Это был неожиданный и необъяснимый страх; я боялся самого себя, как некоего первобытного человека, только что проснувшегося, одурманенного воспоминаниями, стремящегося преодолеть последний рубеж, влекомого бездной, сулящей покой и забвение. Он, этот человек, мог заломить мне руки, и машина, разумный железный зверь, беззвучно скользящий по пустынной набережной, разобьется о каменный барьер и рухнет в реку вместе со своим испуганным дрессировщиком, согнувшимся под тяжестью ящика с мусором.
Вдруг я услышал Лиин голос, так явственно, словно она сидела рядом:
– Будь осторожен!
О господи! Осторожность – мой единственный друг и спаситель. В отличие от многих, я вовремя научился уму-разуму. И в этом утешение, прощение, свет!
Я остановил машину и пошел пешком. Как будто убежал из железной клетки.
У меня была семья. Был дом, где сейчас спал мой сын, маленький Юлий Цезарь, и видел во сне программу завтрашних телепередач. Внезапно с удивительной ясностью я ощутил уют и покой нашей квартиры, прохладу чистых простынь и тишину, подтверждаемую едва слышным дыханием Лии.
В моем доме хранились мои любимые вещи, покорные и готовые к услугам.
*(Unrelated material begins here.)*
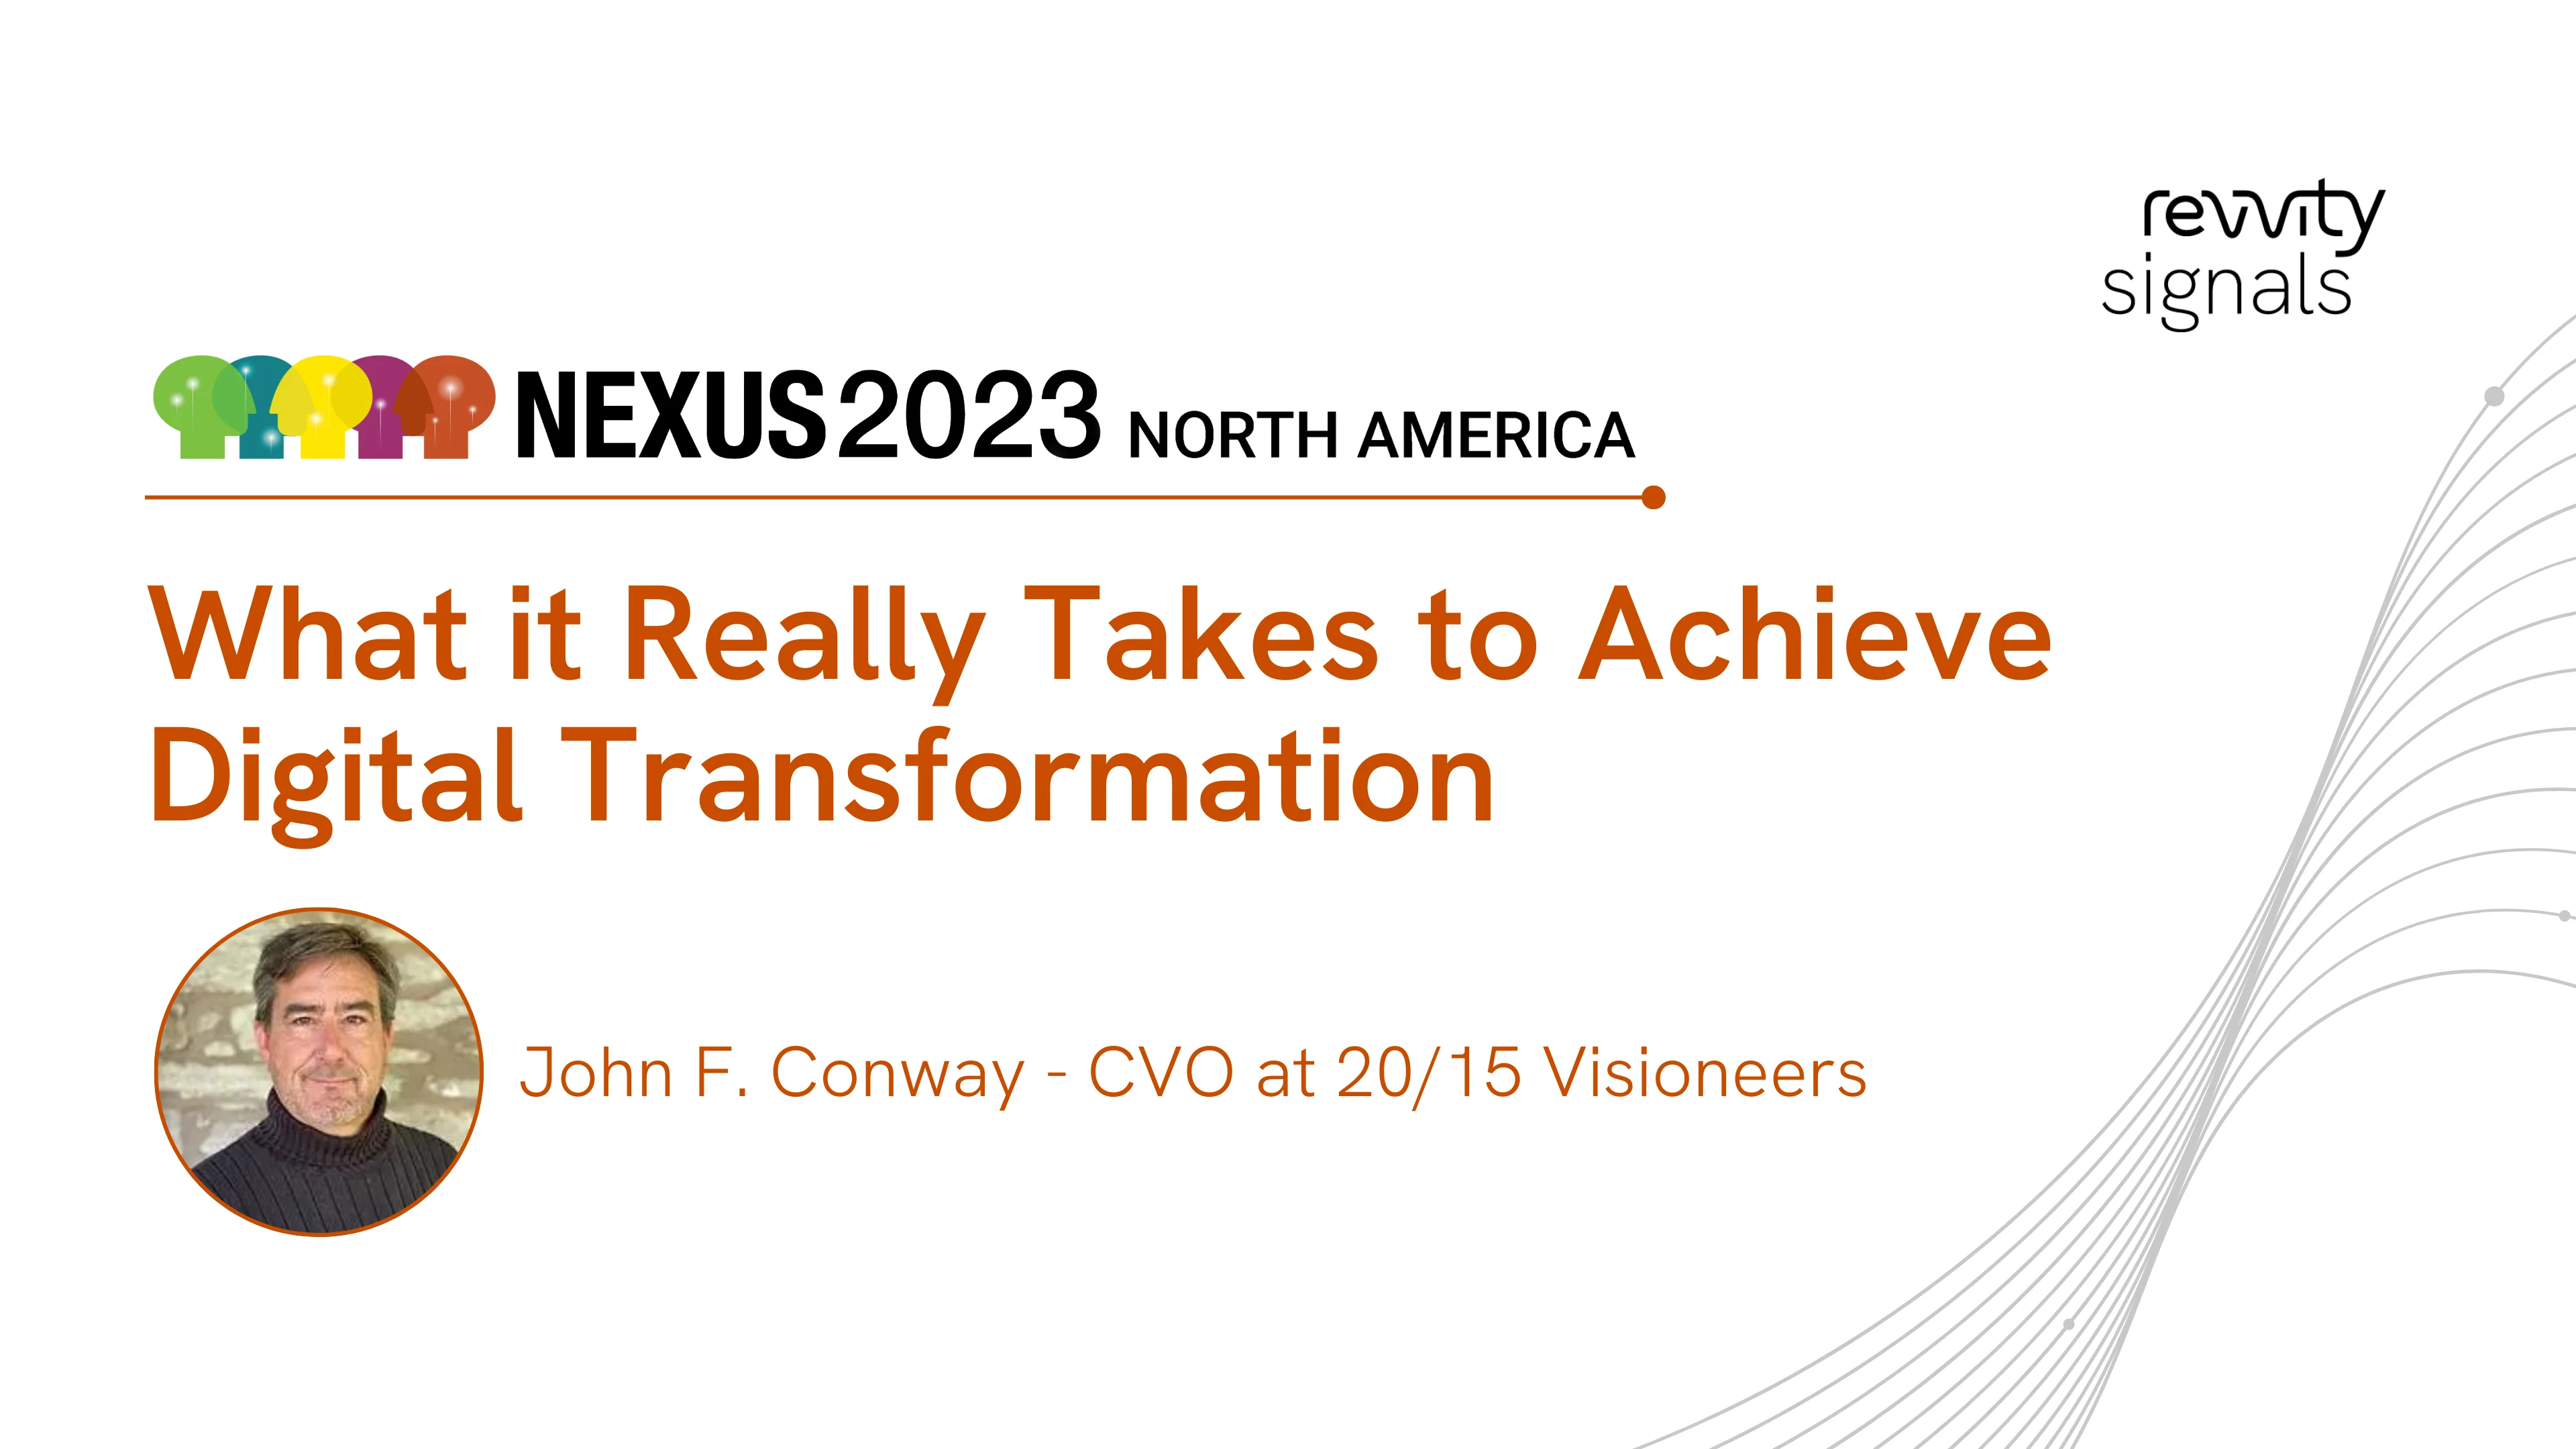 Watch Day 2, NA NEXUS 2023 - What it Really Takes to Achieve Digital Transformation on Vimeo.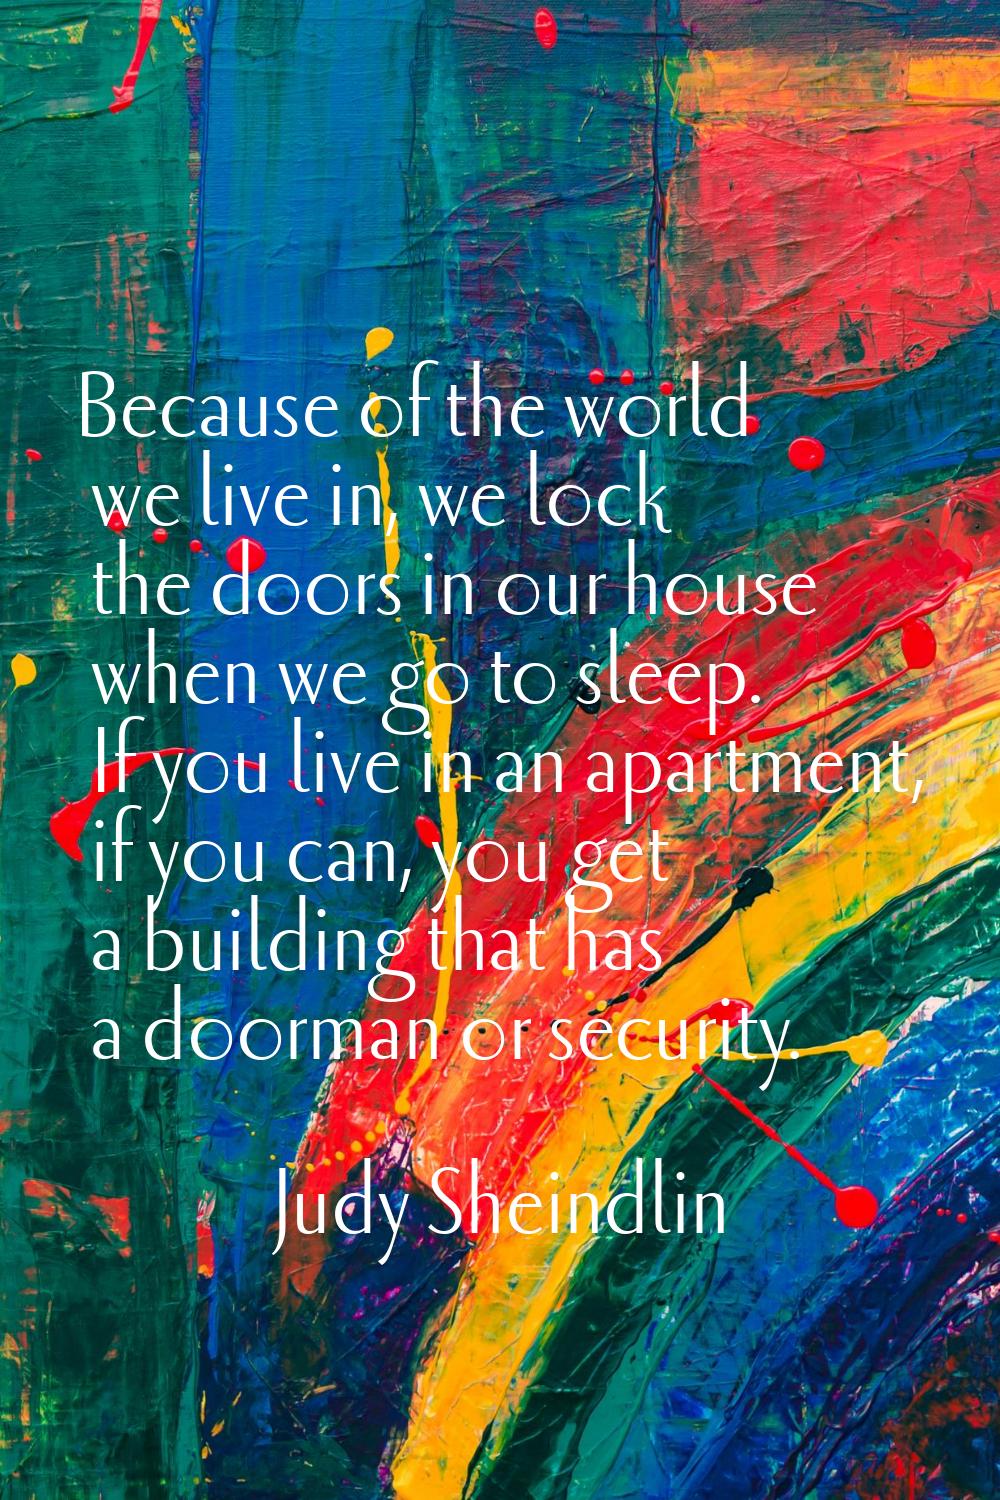 Because of the world we live in, we lock the doors in our house when we go to sleep. If you live in

Я уже стар. На аптекарски стерильных полочках моей старости, как склянки с лекарством, лежали мои очки, мои шлепанцы, моя пепельница, мои ножницы и моя непрочитанная газета. Лия и Мамука спали, но свет в большой комнате горел и три окна маяками сияли в ночи.
Мой дом был полон моим голосом, стуком моей пишущей машинки, дымом моих сигарет, шепотом моей жены, криками моего сына, воркованием телевизора, и сеть, сплетенная из этих звуков, вытягивала меня из мутной ледяной воды, влекла за собой на сушу, потому что я должен был жить, жить, жить!